Saturday, August 04, 2007


is the title of Lee Penn's article in the current SCP Newsletter. It talks about people--even priests--from one religion embracing a second and contradictory religion, and holding to both mutually exclusive faiths simultaneously. This new trend seems to be growing out of the interreligious dialogue that is going on around the world.

This segment is particularly amusing:

Religious confusion is not limited to the United States. A Church of England priest, David Hart, "sees no contradiction in celebrating Ganesh Chaturthi or performing Hindu rituals in his home in Kerala, where he has been living for nearly a year, and offering Holy Communion as a priest at the St. James' Parish Church in Strethan, Cambridge, whenever he is in England," according to the Times of India. "he brought a Ganesh idol, conducted a puja for 10 days and subsequently joined a Ganesotsav procession organized by the Kerala unit of Shiv Sena to immerse his idol in the sea. He is also a follower of Lord Krishna, and had offered prayers at his local temple."

Hart, an Associate Professor in Theology and Religious Studies at the University of Winchester, is also in the International Society for Krishna Consciousness (ISKCON) and is international secretary of the World Congress of Faiths, a London-based interfaith organization. He has said, "Becoming a Hindu has not brought about any change in my spiritual status. The act has not shaken my Christian beliefs by even one per cent.. ...Asking me to express my preference for any particular faith is like asking me to choose between an ice-cream and a chocolate. Both have their own distinct taste." He is...a priest and a professor--so he is able to spread religious confusion with an air of authority. As of this writing, he remains a priest in good standing; there is no indication that Hart has been disciplined by the Church of England.

I believe that is the same Church of England with which we conduct ecumenical talks. But maybe the man has merely been taking Catholic lessons. This Catholic priest, said to have been interviewed at the Vatican, claims he can be a Hindu at the same time that he is a Catholic priest. My question--when he consecrates bread and wine, given the beliefs that he holds, does he still have bread and wine?

Another interesting part of Lee's article talks about the influence of Harry Potter:

It is not just teenagers who can be lured into Wicca and Neopaganism by the Potter books; vulnerable adults can fall into the same trap.

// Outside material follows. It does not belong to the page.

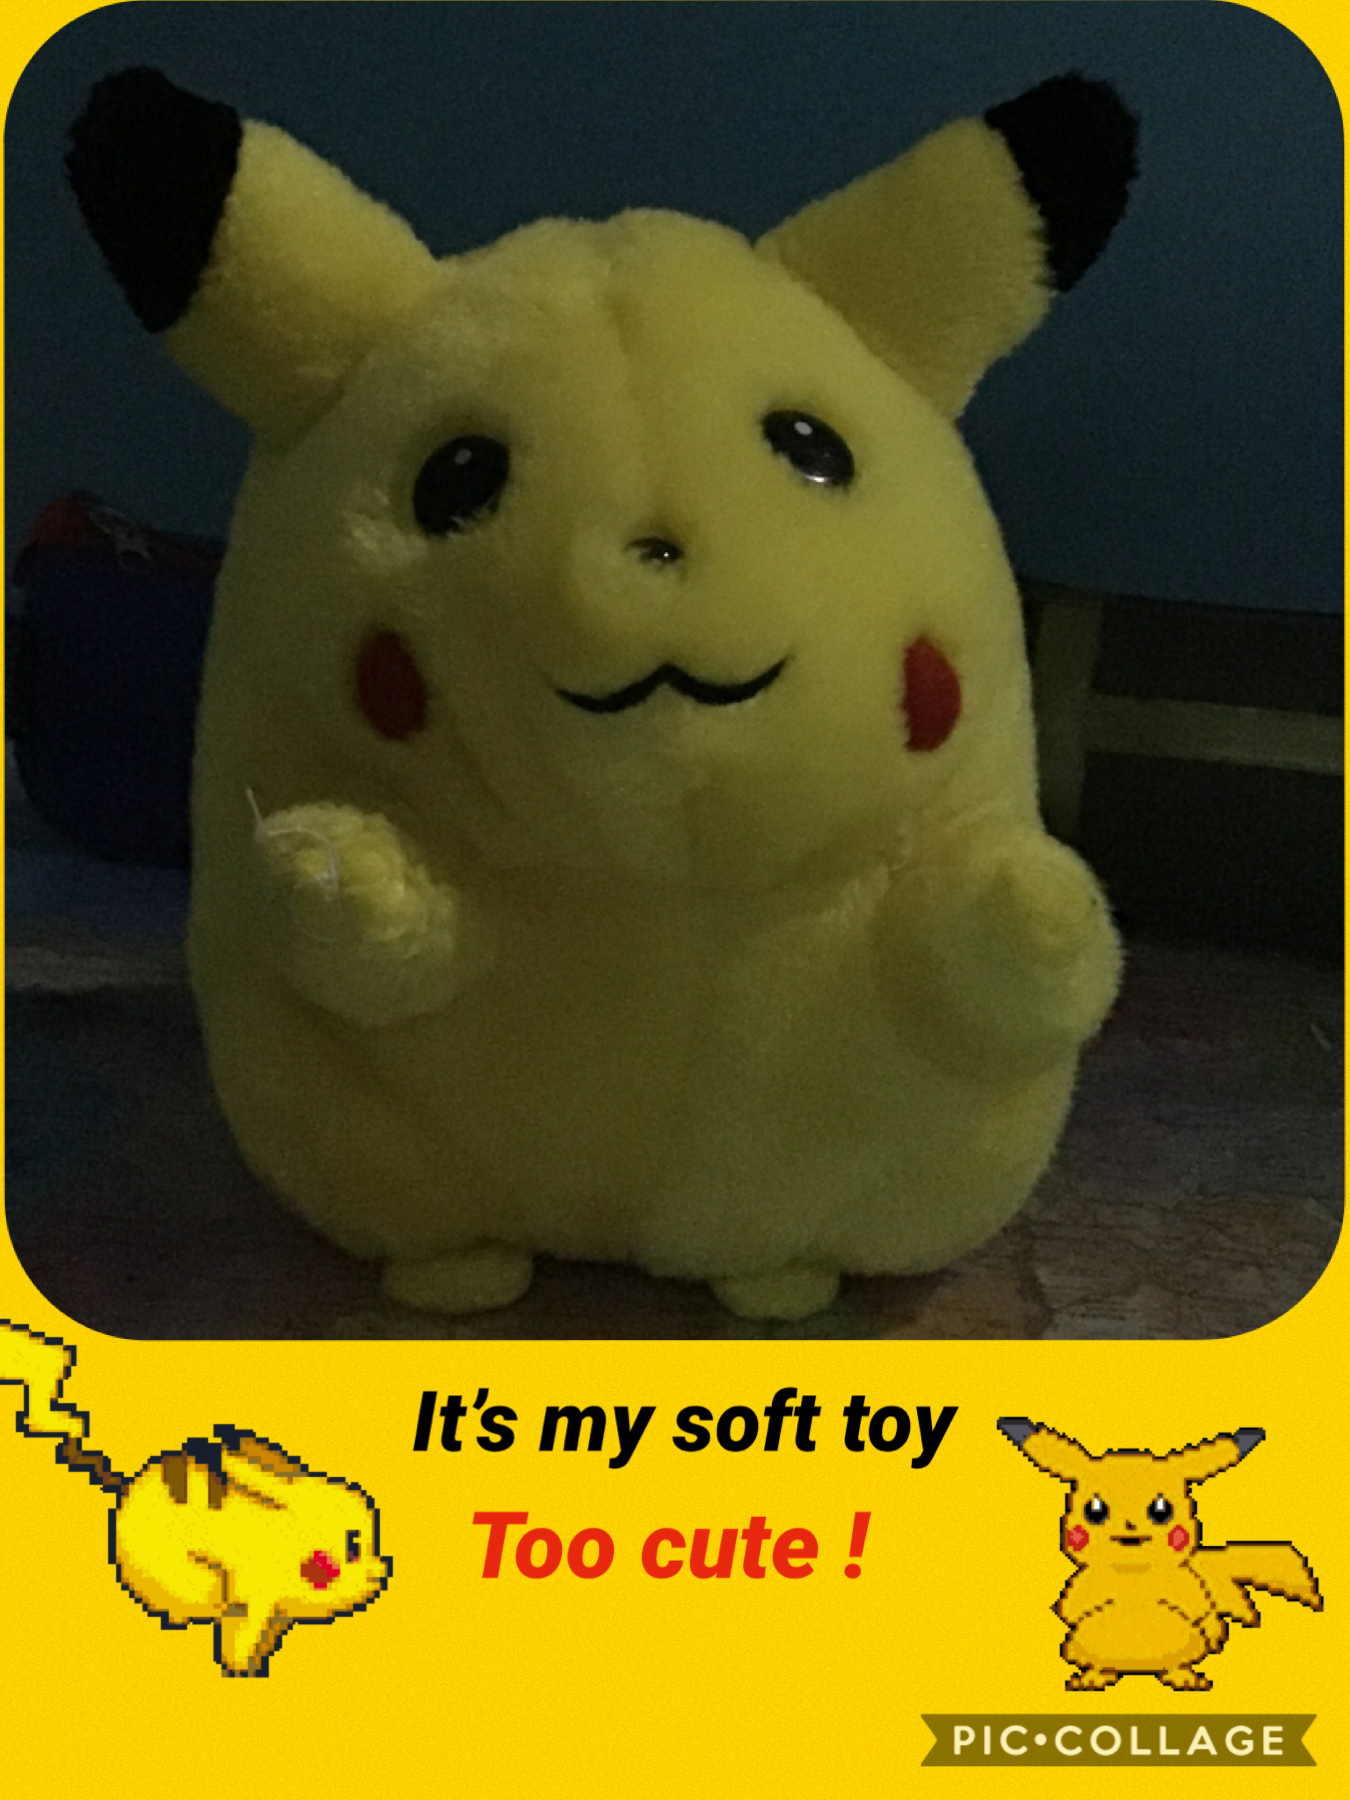 The cutest Pikachu plush in the world ♥️

Wayne Haney attended Virginia Theological Seminary, and served as an Episcopal priest for five years. He then left the church due to "the strain of leading a Christian flock while not fully being able to believe the message I was preaching." This plunged him into a "very early mid-life crisis." As the
Battle Creek Enquirer reported in March, 2006, it was "during this crisis of faith that he began to read the Harry Potter series of books to his children. The magic depicted in the books aroused a curiosity in Haney that led him to Web-searches and other readings. This led finally to a Wiccan group in nearby Flint, Michigan, where he and his wife were welcomed." Now, Haney is "a practicing minister of the Sacred Birch Society, a Wiccan group that meets regularly in the Lampeer Michigan area." The ex-priest Haney read himself out of Christianity and into Wicca with the help of a child's fantasy about "good" sorcery.

And yet some parents think the kids aren't vulnerable!